Here, we report on a gene-centric approach aimed to experimentally annotate all protein-coding genes of the human chromosome 21 using antibody-based profiling. The genome sequence analysis by the Ensembl group has in release 59 identified 192 non-keratin-associated putative genes coding for proteins on this chromosome, and these genes have been characterized on the protein level by antibody-based profiling, and the status was reported in a matrix. The overall aim is to fill this matrix with information on all levels to generate experimental evidence for molecular characterization, isoforms, subcellular localization, tissue profiles, and cell and tissue specificity and to contribute to the functional annotation of the proteome by identifying faulty annotated genes that do not code for proteins.
The study presented here has contributed to several insights of both general and specific interest. Five genes with no previous evidence on the protein level have been identified by molecular characterization (b), and the level of protein modifications has been studied using a new approach for isoelectric focusing based Western blot analysis. Although this analysis was performed only on a small number of genes, the results indicate that a large fraction of the analyzed proteins have multiple isoforms or post-translational modifications. In addition, the tissue profiling using immunohistochemistry has revealed several proteins with highly selective expression patterns.
The protein analysis has been complemented with transcript profiling using next generation sequencing. The results from this analysis provide a useful tool to yield evidence for protein-coding genes as demonstrated by the ratio of reads across introns and exons for a number of chromosome 21 putative genes with no previous evidence on the protein level. The power of the RNA-seq method for transcript analysis can also be further extended to define and characterize the alternative splice variants from each gene locus and to determine the quantitative levels of RNA expression in different cells, tissues, and organs.
At present, we report annotated protein expression using two or more (paired) antibodies for 22% of the genes on chromosome 21. An important priority for the future is to add additional antibodies to allow the results from one antibody to be validated by the other. It will also be important to extend the analysis with renewable antibodies, such as monoclonal antibodies or recombinant affinity binders to complement the polyclonal antibodies generated within the Human Protein Atlas program. In this context, it is reassuring that several programs have been initiated recently to develop new methods for systematic generation of renewable binders to human proteins (
30,
31). Another important objective is to extend the validation of the molecular and subcellular localization to include analysis of cell lines in which the gene has been knocked down using siRNA technology. The combination of gene knockdowns and antibody-based profiling is a powerful approach for generating profiling data with high reliability.

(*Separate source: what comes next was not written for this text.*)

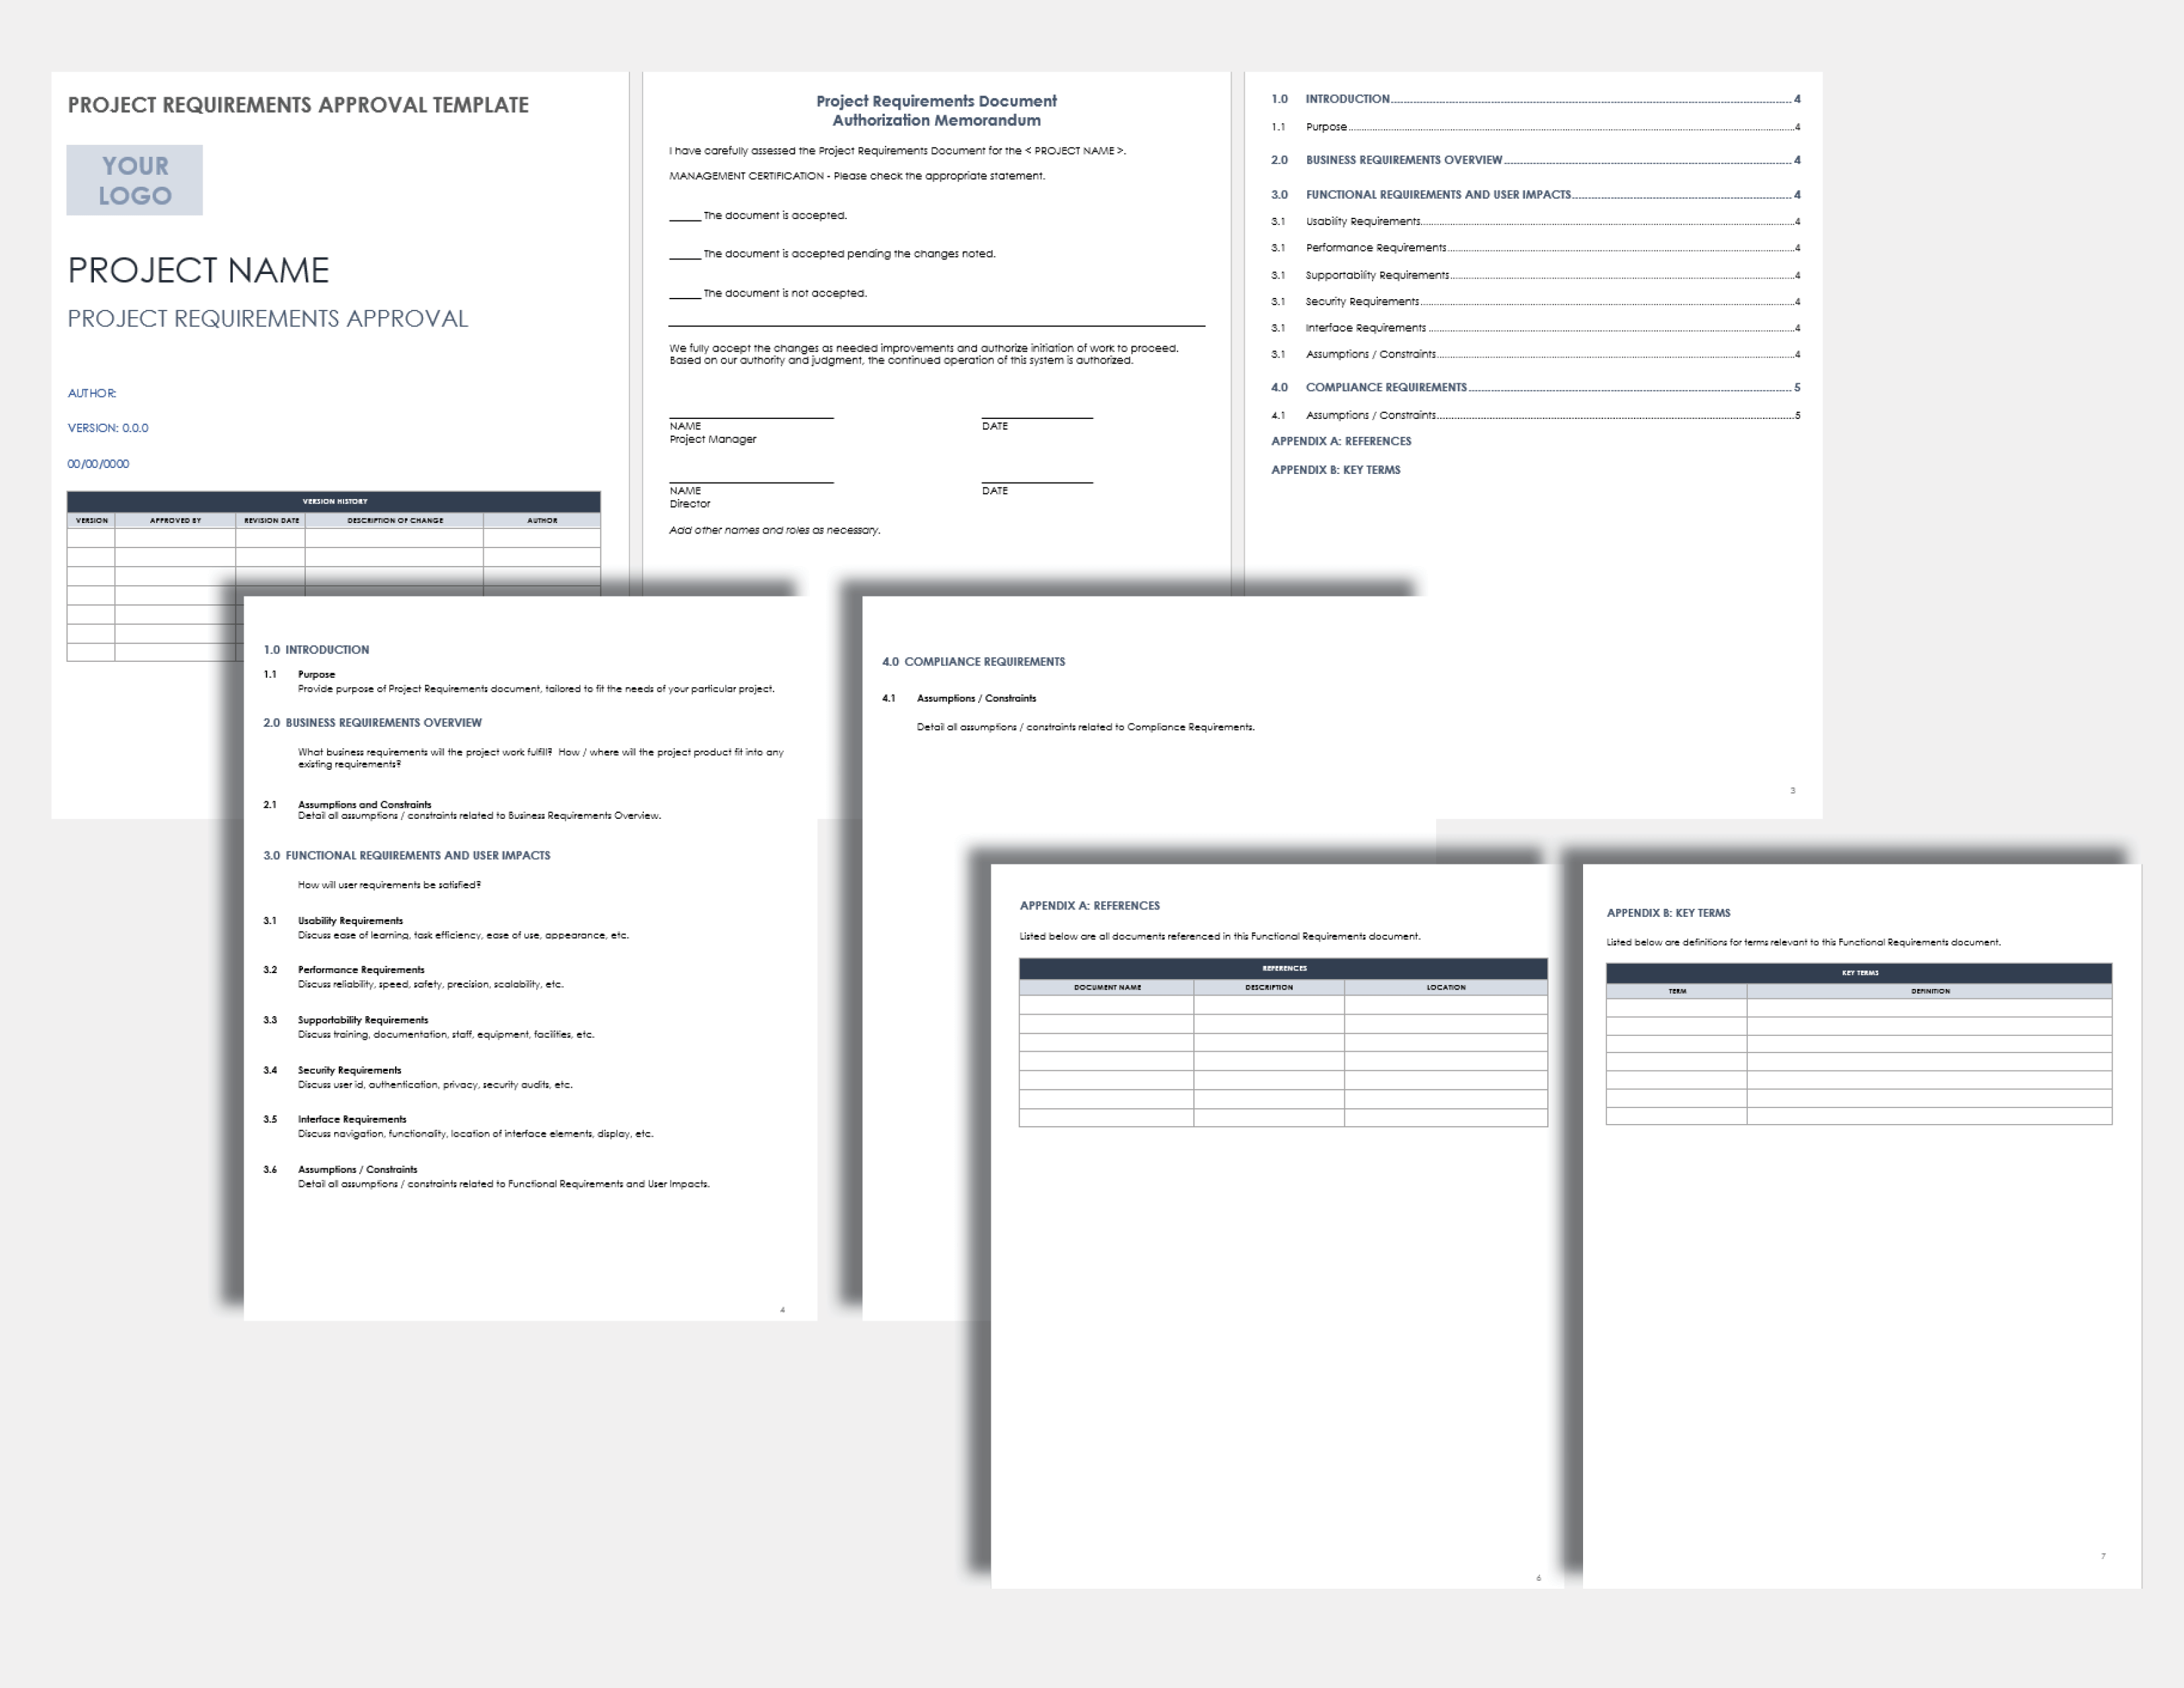 Project Requirements Approval Template

In conclusion, we describe a human proteome project to perform a systematic characterization of all the protein-coding genes on human chromosome 21 using antibody-based protein profiling. Through collaboration with research groups utilizing several complementary technologies, this effort can be integrated with similar efforts as part of a Human Proteome Project to characterize the proteins in normal cells, tissues and organs to generate a proteome-wide knowledge-based resource. The objective is to ultimately create an experimentally validated resource covering all proteins encoded by the human genome.